Commonly, after trial component implantation, it becomes necessary to undertake a percutaneous Achilles lengthening to obtain adequate ankle dorsiflexion. In addition, any residual minor hindfoot varus or valgus can be addressed with a calcaneal osteotomy.

If there is a varus deformity of the hindfoot, it is important to remember that its origin maybe secondary to a plantarflexed first ray. In such a case, a dorsal closing-wedge osteotomy through the medial column must be performed in order to protect the ankle replacement from asymmetrical loading. Often, it is necessary to perform both hindfoot and forefoot osteotomies to achieve a plantigrade foot. Rarely is it necessary to address extra-articular varus or valgus deformity above the ankle joint with a supramalleolar osteotomy, plafondplasty and medial or lateral ligament reconstruction.

It is important to recognise with ankle arthroplasty surgery that implantation of the ankle replacement is only one step in a critical sequence.

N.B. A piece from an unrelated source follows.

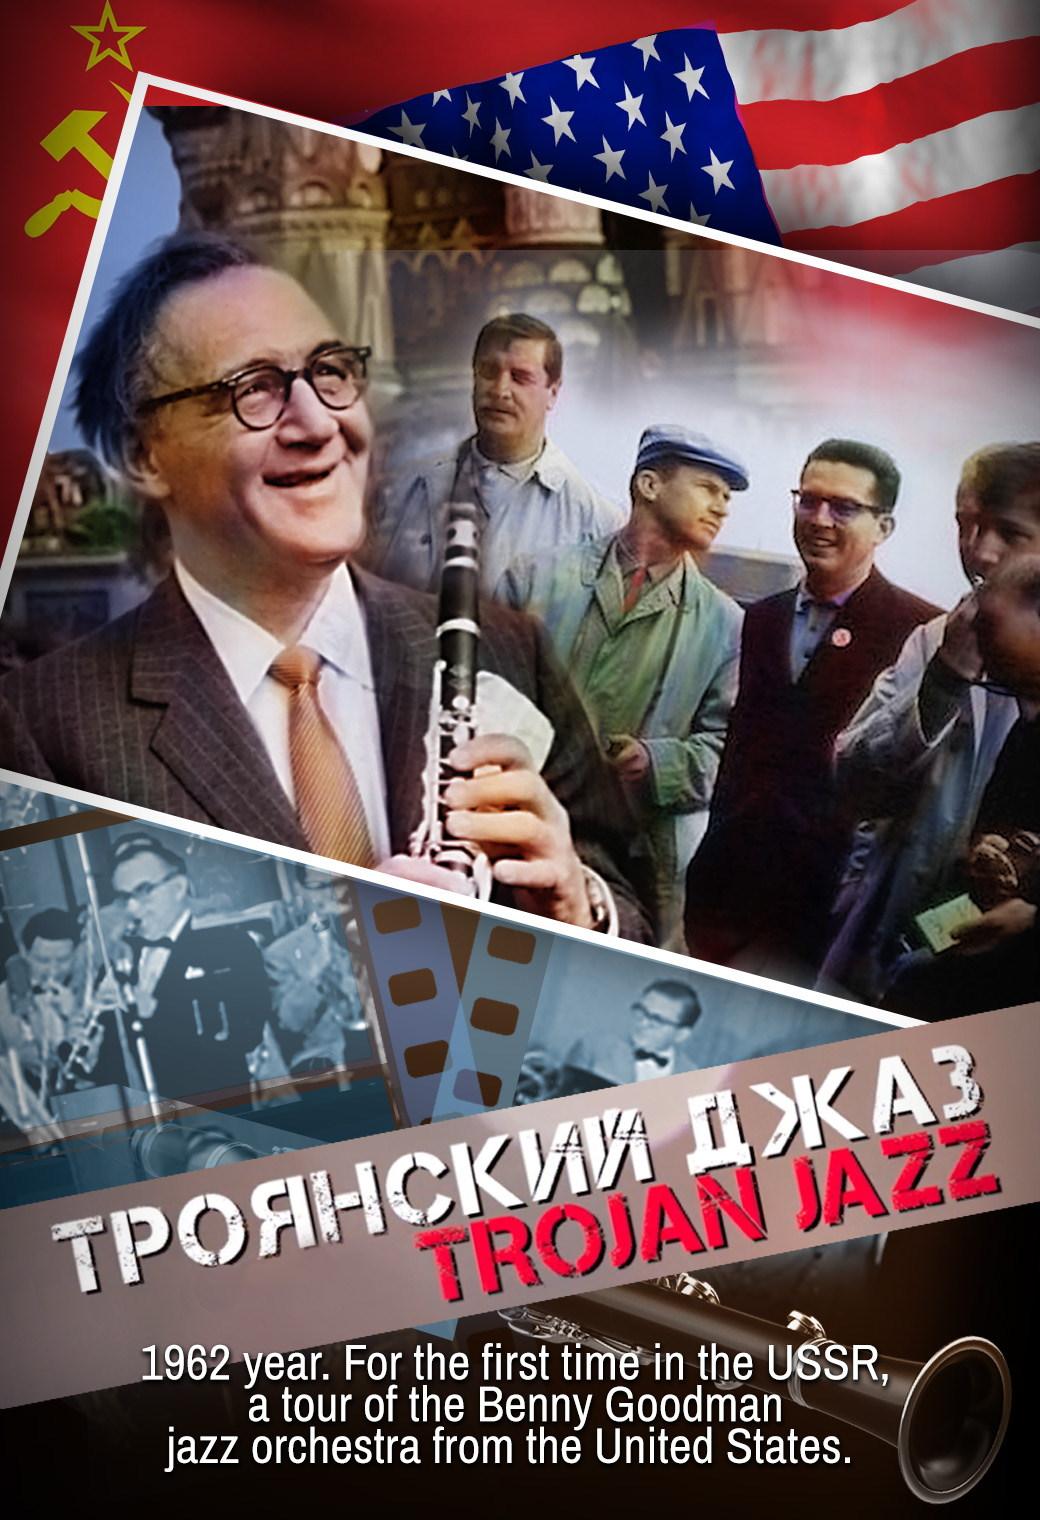 Trojan Jazz Movie Poster

It is crucial to correct the underlying bony deformity and ligament insufficiency, to obtain a balance of forces across the ankle.

11.4. Outcomes

Ankle replacement is gaining popularity amongst patients due to the main advantage of retaining ankle motion. In a study of 197 patients, the average one-year postoperative total sagittal-plane motion of the ankle and foot, recorded with radiographic parameters, was 25.9°, with 68% arising from the ankle prosthesis and the remaining motion arising from the hindfoot.48 Indeed, in comparison to ankle fusion, ankle replacement offers increased average gait velocity by improving stride length and cadence.49

Studies into implant survival rates have shown acceptable longevity, including over 70% survivorship of STAR ankle replacements at an average of fifteen years.50,51 Hoffman KJ et al.52 reported 97% implant survival at a mean of 5.2 years with the fixed-bearing Salto-Talaris prosthesis.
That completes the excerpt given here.